== Data block

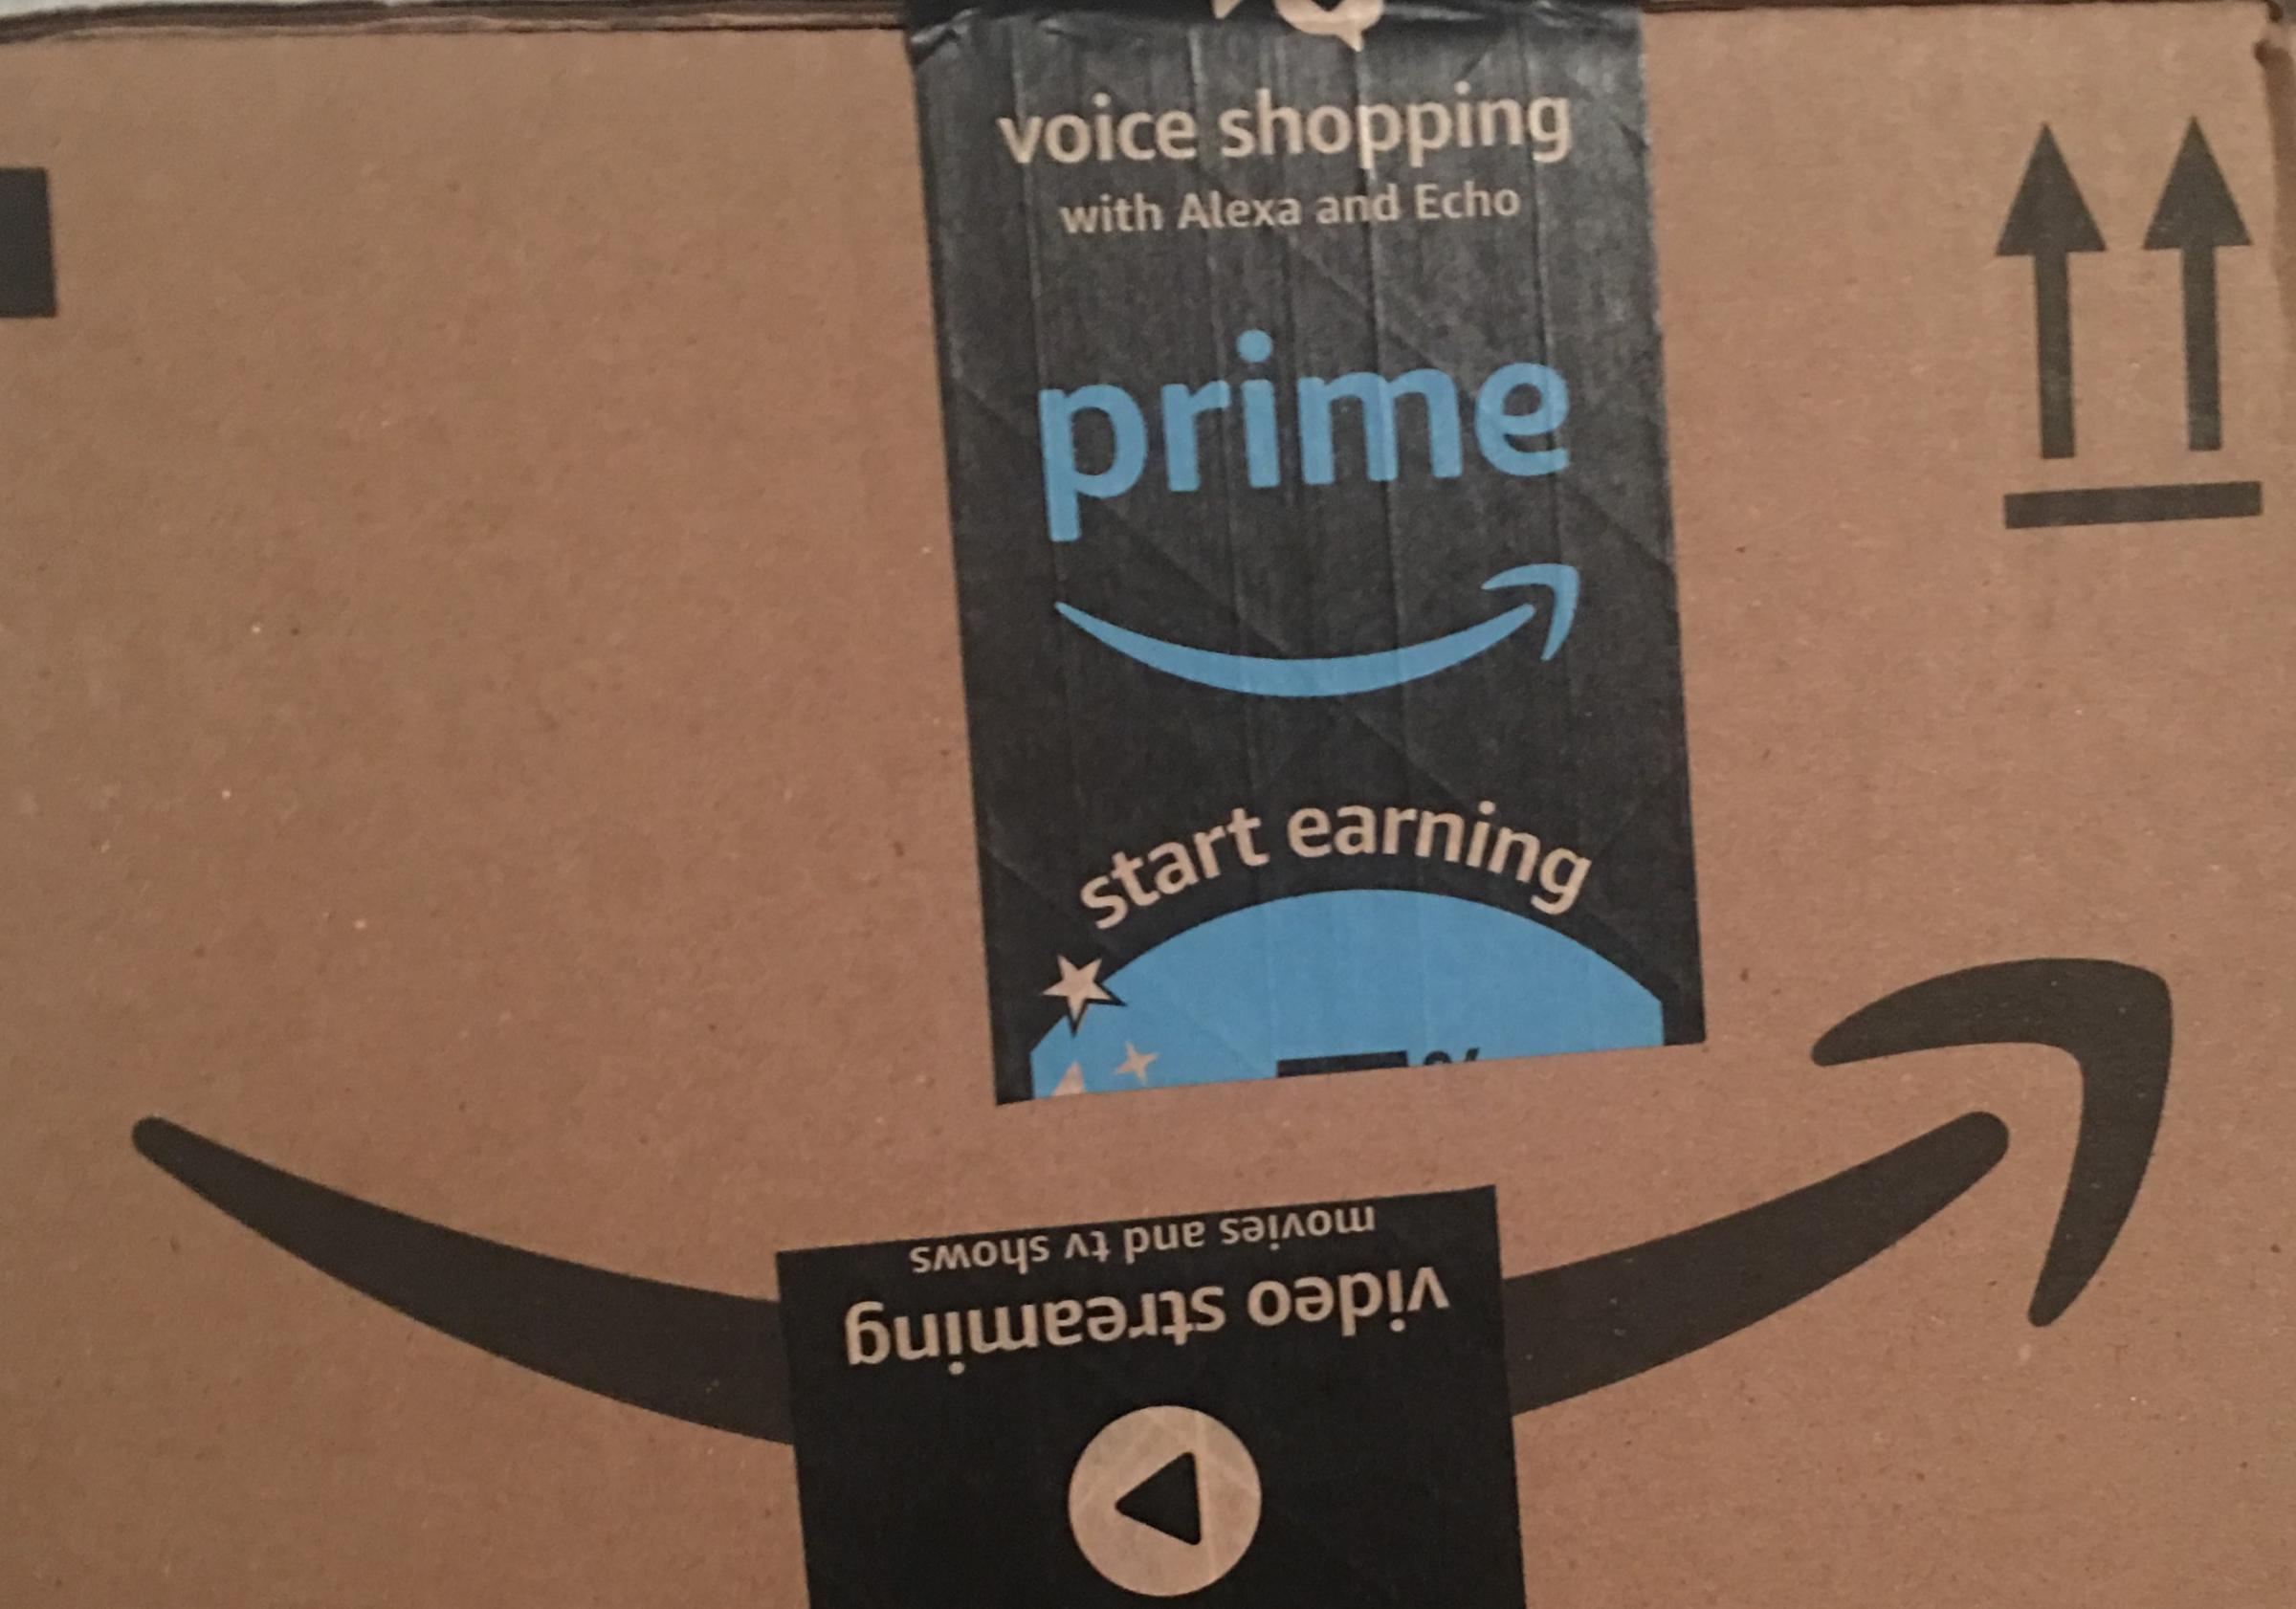 Amazon Announces New Fulfillment Center In Kernersville | WUNC
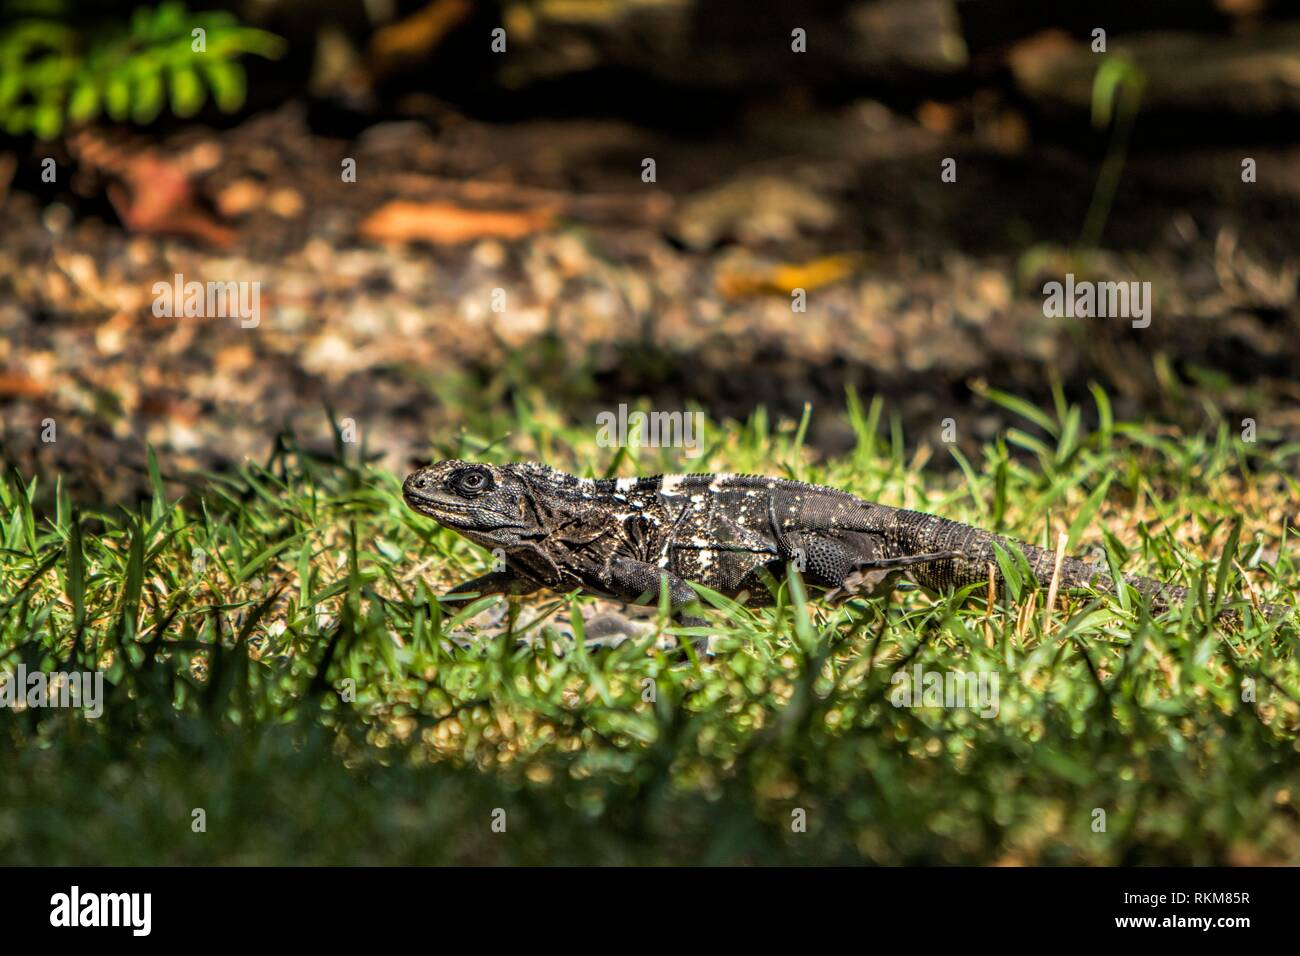 Roat n Spiny-tailed Iguanas (Ctenosaura oedirhina). Gumbalimba Park. Roatan. Honduras. - Stock Image
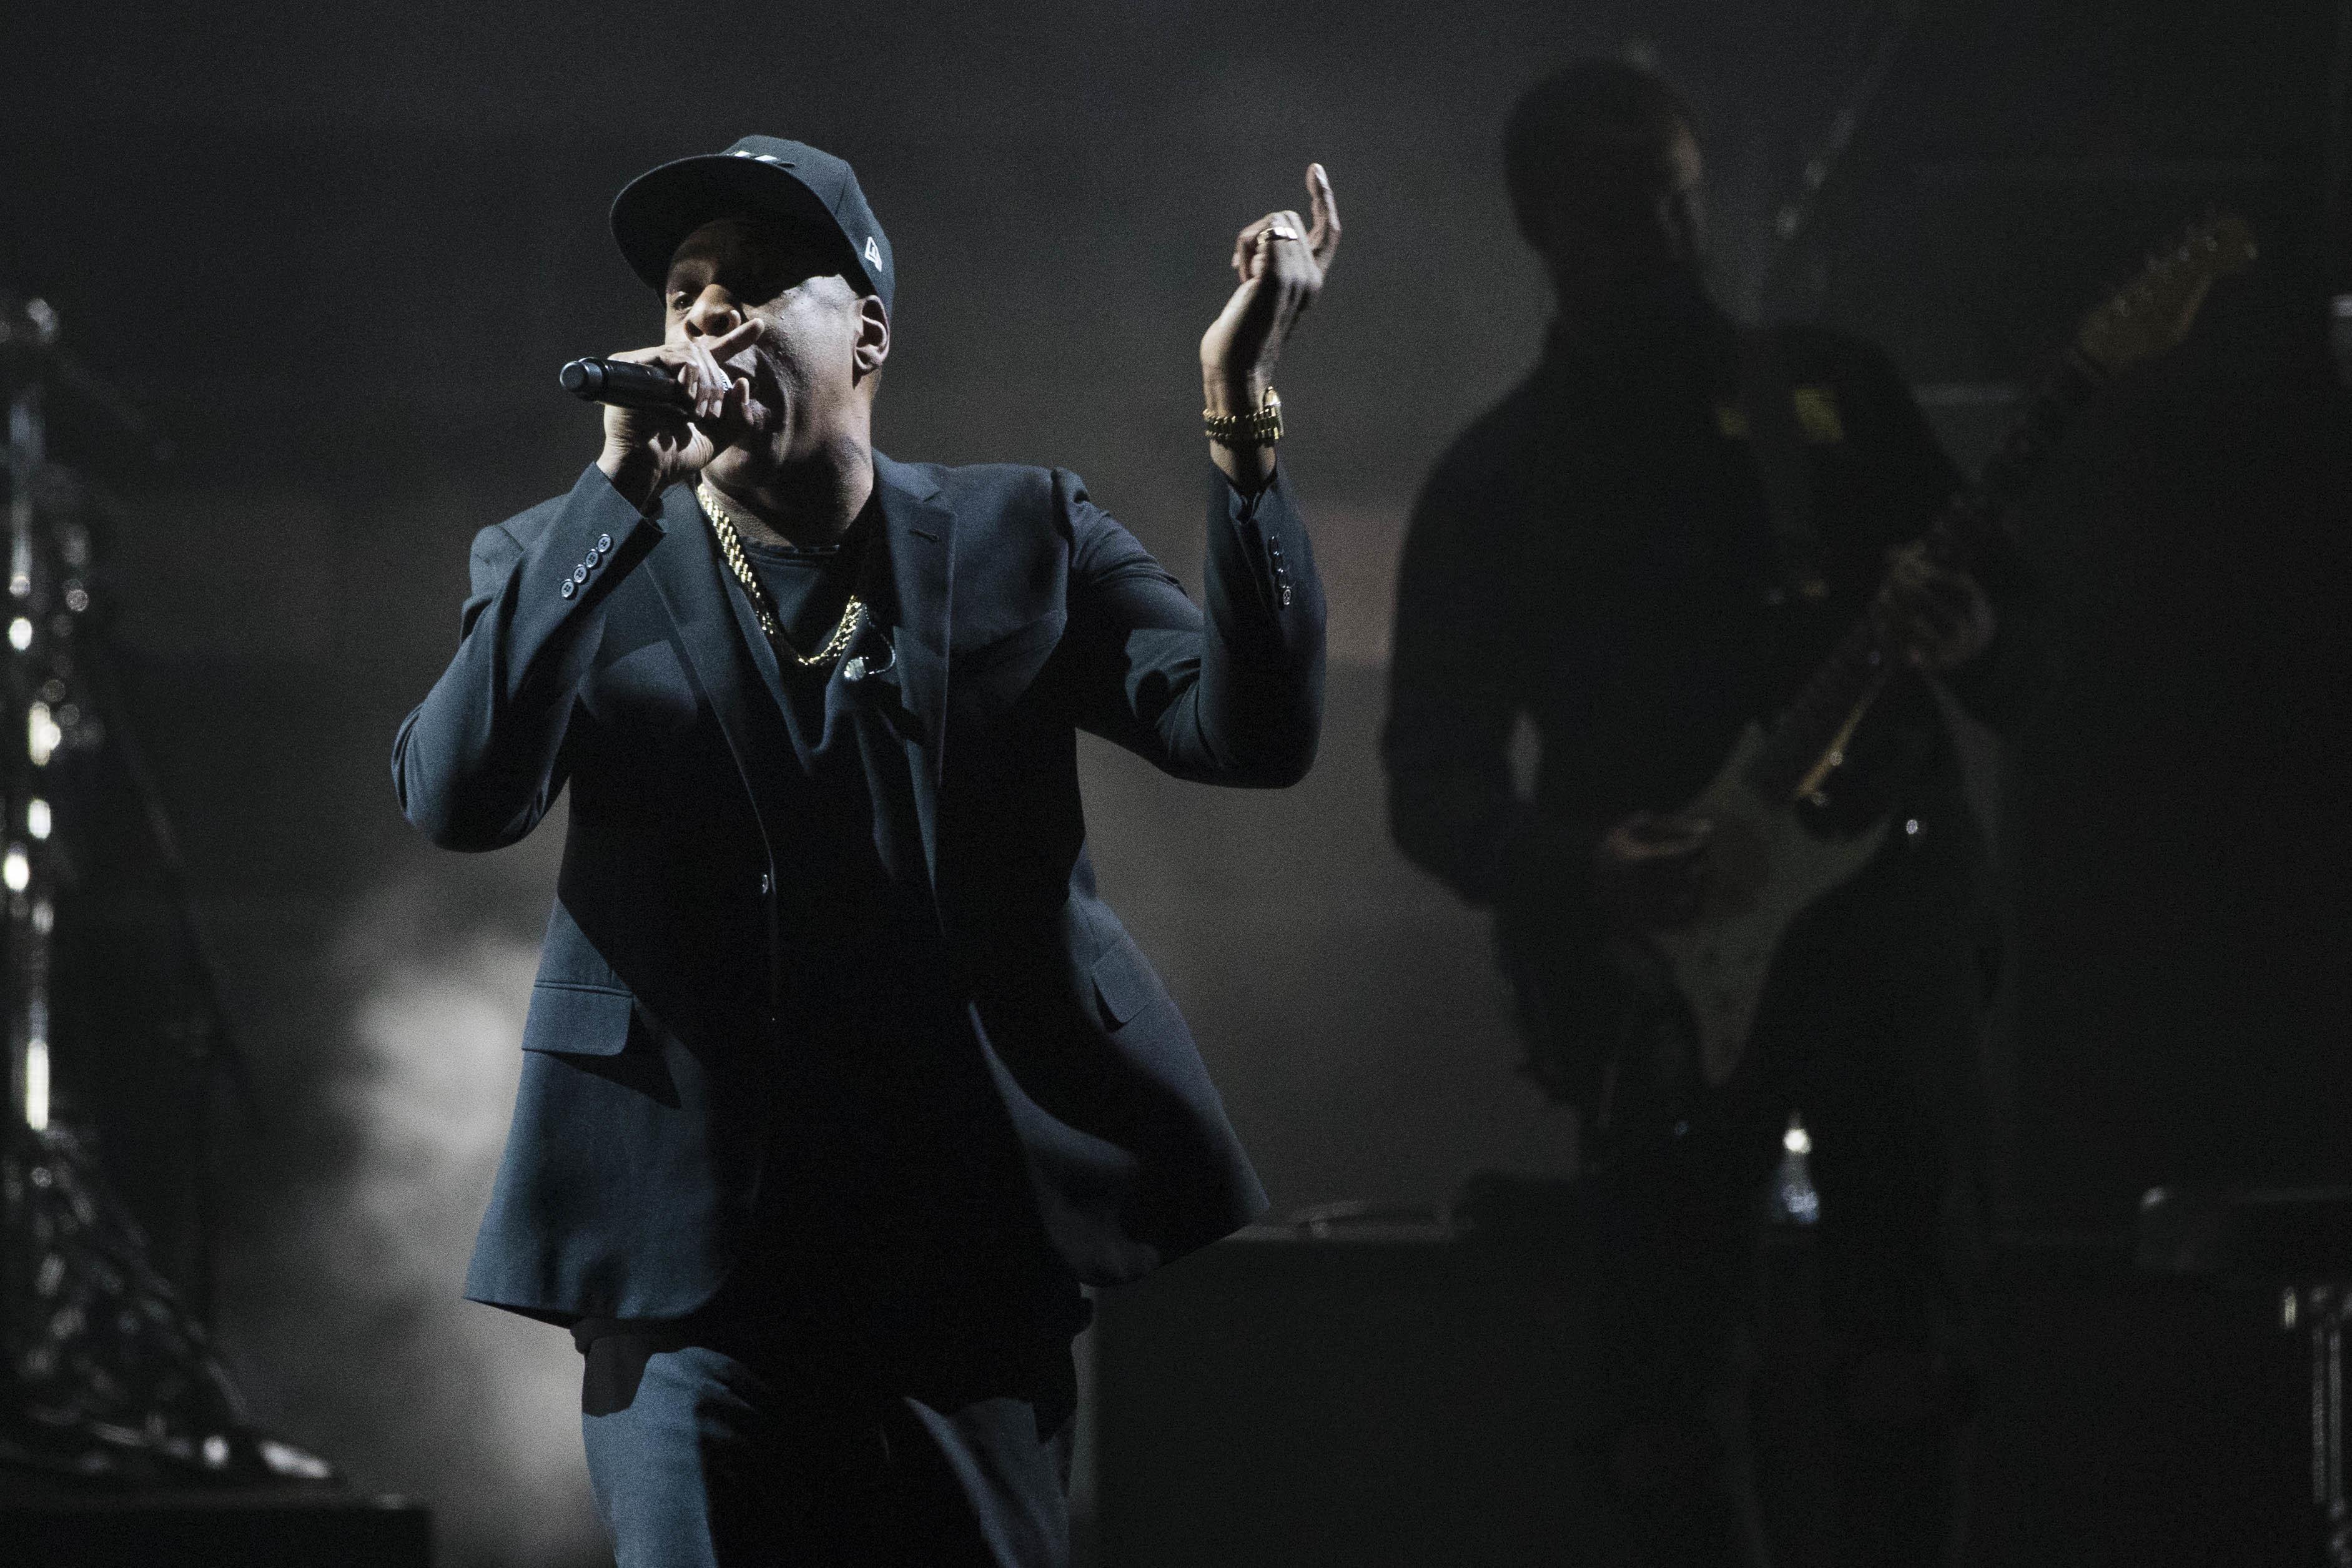 Lyor Cohen says hip-hop should dominate at upcoming Grammys

====

Problem to work on »
It would help to have the listing above repeated exactly, with all images removed.

Your solution »
 Amazon Announces New Fulfillment Center In Kernersville | WUNC
 Roat n Spiny-tailed Iguanas (Ctenosaura oedirhina). Gumbalimba Park. Roatan. Honduras. - Stock Image
 Lyor Cohen says hip-hop should dominate at upcoming Grammys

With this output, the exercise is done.